– Согласитесь, генерал, что в жизни самое важное являлось вам так же неожиданно, без участия вашей воли, как этот ничтожный факт. Почему-то вы стали военным, полюбили, женились, родили таких, а не иных детей, и если вы человек здоровый, от природы веселый и крепкий, вы так и живете; что будет, того не миновать, а я сам по себе.
Генерал поправил лампасы и сел на лавочку, напротив него.
– Насколько я понимаю, молодой человек, вы фаталист. Что же касается детей, у меня их, к сожалению, нет.
«Ну, нет, так и не надо, – сказал про себя Алеша. – Мне-то что?»
Генерал оказался не без идей и продолжал разговор.
– Раз вы фаталист, значит, вы отрицаете, так сказать, борьбу человека с препятствиями. А это ведет к бездеятельности.
Поезд тронулся; Алеша закрыл глаза и почувствовал, что все-таки хорошо бы заснуть.
– В наше время, – говорил генерал, – все признавали долг. Ради долга мы подставляли грудь под пули, – теперь молодежь утверждает, что надо жить как хочется. Отсюда распущенность и фантасмагории, извините меня, фатализм и прочее.
Он рассказывал еще эпизоды из русско-турецкой войны, в подтверждение того, что раньше подчинялись идее долга. Говорил он длинно и утомительно. Сначала Алеша подавал реплики, потом его стало клонить ко сну. «Идея долга, – вертелось у него в голове. – Разве есть долг? Не понимаю что-то. А судьба, правда, есть. Например, крушение или что-нибудь еще там. Ну, все равно». И под мерный говор генерала Алеша, наконец, заснул.
Когда он проснулся, было светло. В окна лепила метель. Генерала не было, и весь он, весь вчерашний разговор показался сном. Алеша встал, пошел умываться. До его станции было еще часа два.
Он приободрился – на него нашло то ровное, спокойно-веселое настроение, какое бывало обыкновенно, – он стал думать о предстоящей езде. Наверно, ему вышлют доху. Он закутается – и продремлет всю дорогу до Жельни, в сумерках ввалится к тетушке, будет греться, есть за чаем горячие баранки с маслом. Ладно! Пожалуй, и неплохо, что поехал.
Поезд, конечно, опоздал, и, когда Алеша усаживался в сани, было около двух. Метель не унялась, напротив – разыгралась. Туманно маячила в ней водокачка, а почты, трактиров – всегдашнего антуража русской станции – совсем не было видно.

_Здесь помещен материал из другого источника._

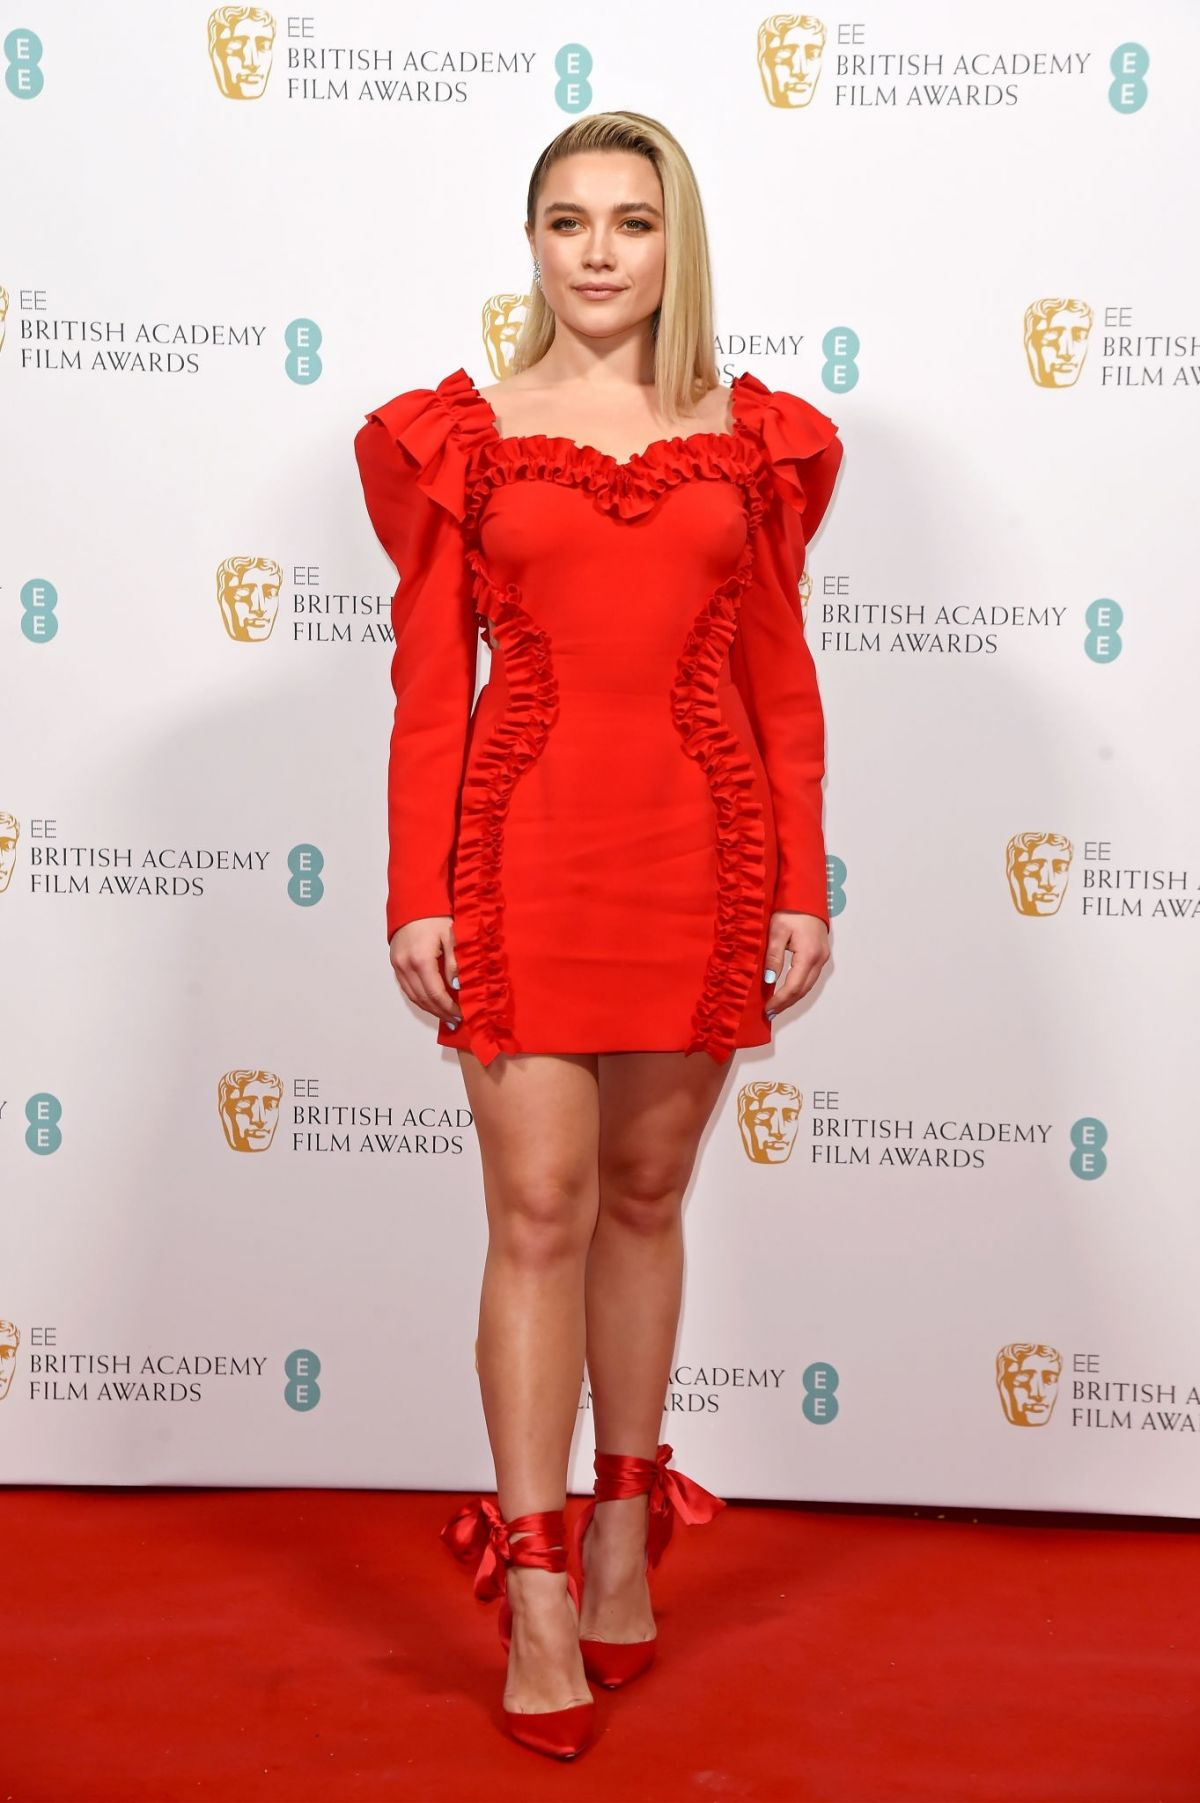 FLORENCE PUGH at EE British Academy Film Awards 2020

Основательный человек Федот, в башлыке и рукавицах, полез на козлы.
– Дорога тяжкая, – сказал он, трогая гусевого, – забивает.
Гусевой повел ушами, толкнулся в сторону и резво влег в постромки; серая кобыла в корню тоже взяла – сани покатили.
Вернее сказать, они плыли; снегу было так много, что дорога едва чувствовалась; когда отъехали полверсты, станция, водокачка, строения – все погрузилось в молочную мглу; сани бежали в ней ровно, со слабым шорохом; на ухабах мягко ухали. Алеша знал все это. Не раз приходилось ему ездить так; зиму, лошадей, даже метель он любил с детства. Раздражало немного, что лепит в глаза, нельзя курить; он утешался тем, что запахнулся с головой в доху и стал дремать.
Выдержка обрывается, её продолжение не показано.